On Mon, Jun 02, 2025 at 14:30:43 +0200, Hector Cao wrote:
Hello Jiri,
Thanks for the feedback,
On Mon, Jun 2, 2025 at 9:30 AM Jiri Denemark <jdenemar(a)redhat.com> wrote:
> On Mon, Jun 02, 2025 at 01:19:29 +0200, Hector Cao wrote:
> > Several Intel CPU models with TSX technology (HLE & RTM features) are
> > affected by the vulnerability TAA[1]. One of the mitigation methods
> > for TAA is to disable TSX support on the host system. For that purpose,
> > in 2021, Intel published a microcode update to disable TSX. Linux kernel
> > also disables TSX globally by default. Even though TSX can be activated
> via
> > the kernel command line (tsx=on), many Linux distributions stick with
> > this default behavior and have TSX disabled. This makes existing CPU
> > models that have HLE and RTM enabled not correctly detected by
> > libvirt.
>
> Can you describe the issue in more details? Especially where libvirt
> incorrectly detects CPU models because of this?
>
>
On my platform (Granite Rapids CPU) with TSX disabled by default in the
kernel
The TSX features rtm and hle are missing, per consequence, `virsh
capabilities` detects the CPU as
Icelake-Server-noTSX model.
I see, I was thinking this was the case. The CPU definition provided in
host capabilities is limited and cannot cover CPUs that lack some
features compared to the corresponding CPU model and a simpler CPU model
has to be shown instead. Thus this information is mostly useless (except
for checking what exact features a host CPU supports) and it's not used
for anything by libvirt itself. And since we have a much better way of
describing the host CPU or rather a CPU that can be provided to a guest
on the host (virsh domcapabilities --xpath
"//cpu/mode[@name='host-model']")
there's no reason other applications or users should look at the CPU in
virsh capabilities either. It's similar to how cpu/topology element in
virsh capabilities is useless and should not be used.
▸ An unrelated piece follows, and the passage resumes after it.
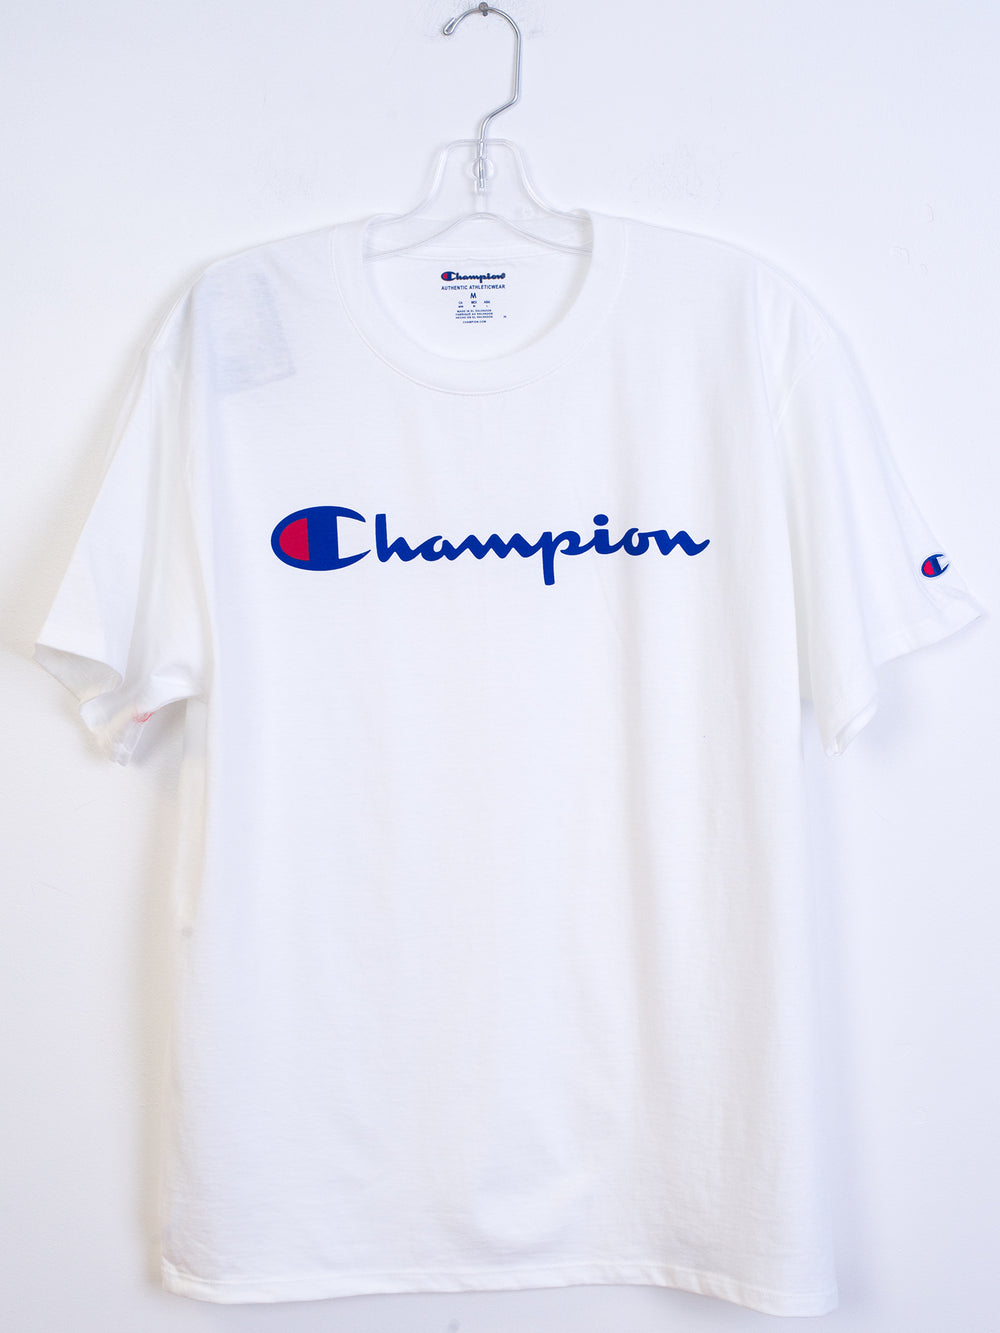 CHAMPION GRAPHIC T-SHIRT - CLEARANCE
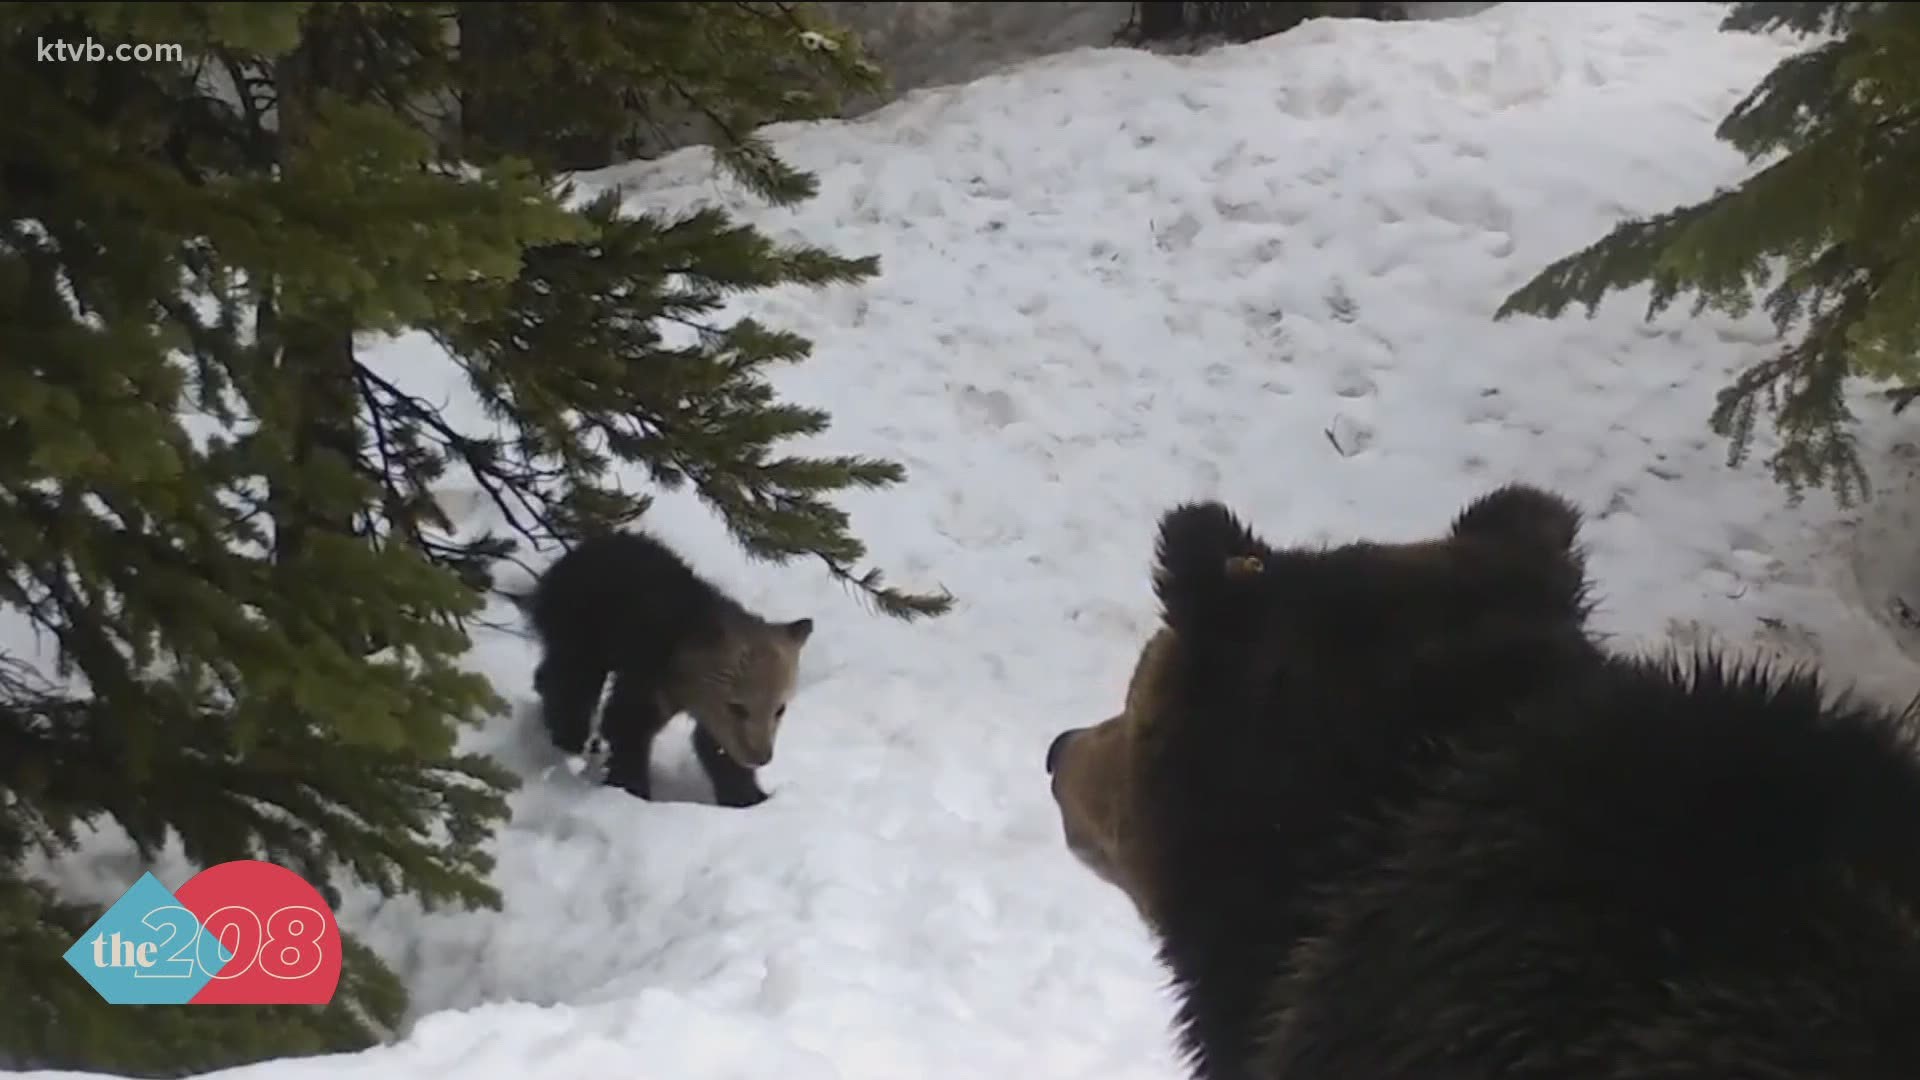 "The antics of these three cubs playing together was too cute not to share," the Idaho Department of Fish and Game said.

So except for not having the right CPU model in the capabilities XML
(which is not a bug, but rather a known limitation), is there any other
issue? I believe the host CPU would be correctly reported as
SapphireRapids/GraniteRapids with both hle and rtm disabled in domain
capabilities XML.
> > This commit adds 2 remaining -noTSX models:
> > - SapphireRapids-noTSX
> > - GraniteRapids-noTSX
>
> QEMU switched away from adding suffixes to CPU models and just adds a
> new version for a CPU model in case it needs to be updated. There's no
> point adding these models to libvirt. Any CPU model that would only
> exist in libvirt would not be directly usable anyway and would have to
> be translated to another CPU model.
>
I would be grateful if you can provide me some background on what is the
criteria to add a
new version to an existing model. For the case of Intel, how do we know
that we need to
add a new version to the CPU model ?
I don't know, you'd need to ask QEMU developers.
Beyond the naming issue (version vs suffix), I understand that we
stopped
doing what we did for older CPU models
like this commit for Icelake, do I understand it correctly ?
i386: Add -noTSX aliases for hle=off, rtm=off CPU models
https://github.com/qemu/qemu/commit/02fa60d10137ed2ef17534718d7467e0d2170142
This was the original approach for creating modified CPU models that can
be used as-is without having to manually specify bunch of features. But
when more cases appeared they realized such approach didn't scale and
switched to versioned CPU models with -v* suffixes instead.
Do you think that adding a new version for Sapphire and Granite
Rapids
CPU models both in QEMU and libvirt would be something that makes
sense to tackle this issue ?
Well, you can try asking whether adding such CPU model in QEMU would
make sense. From libvirt's POV this is just a cosmetic issue so not
worth the effort IMHO.
Jirka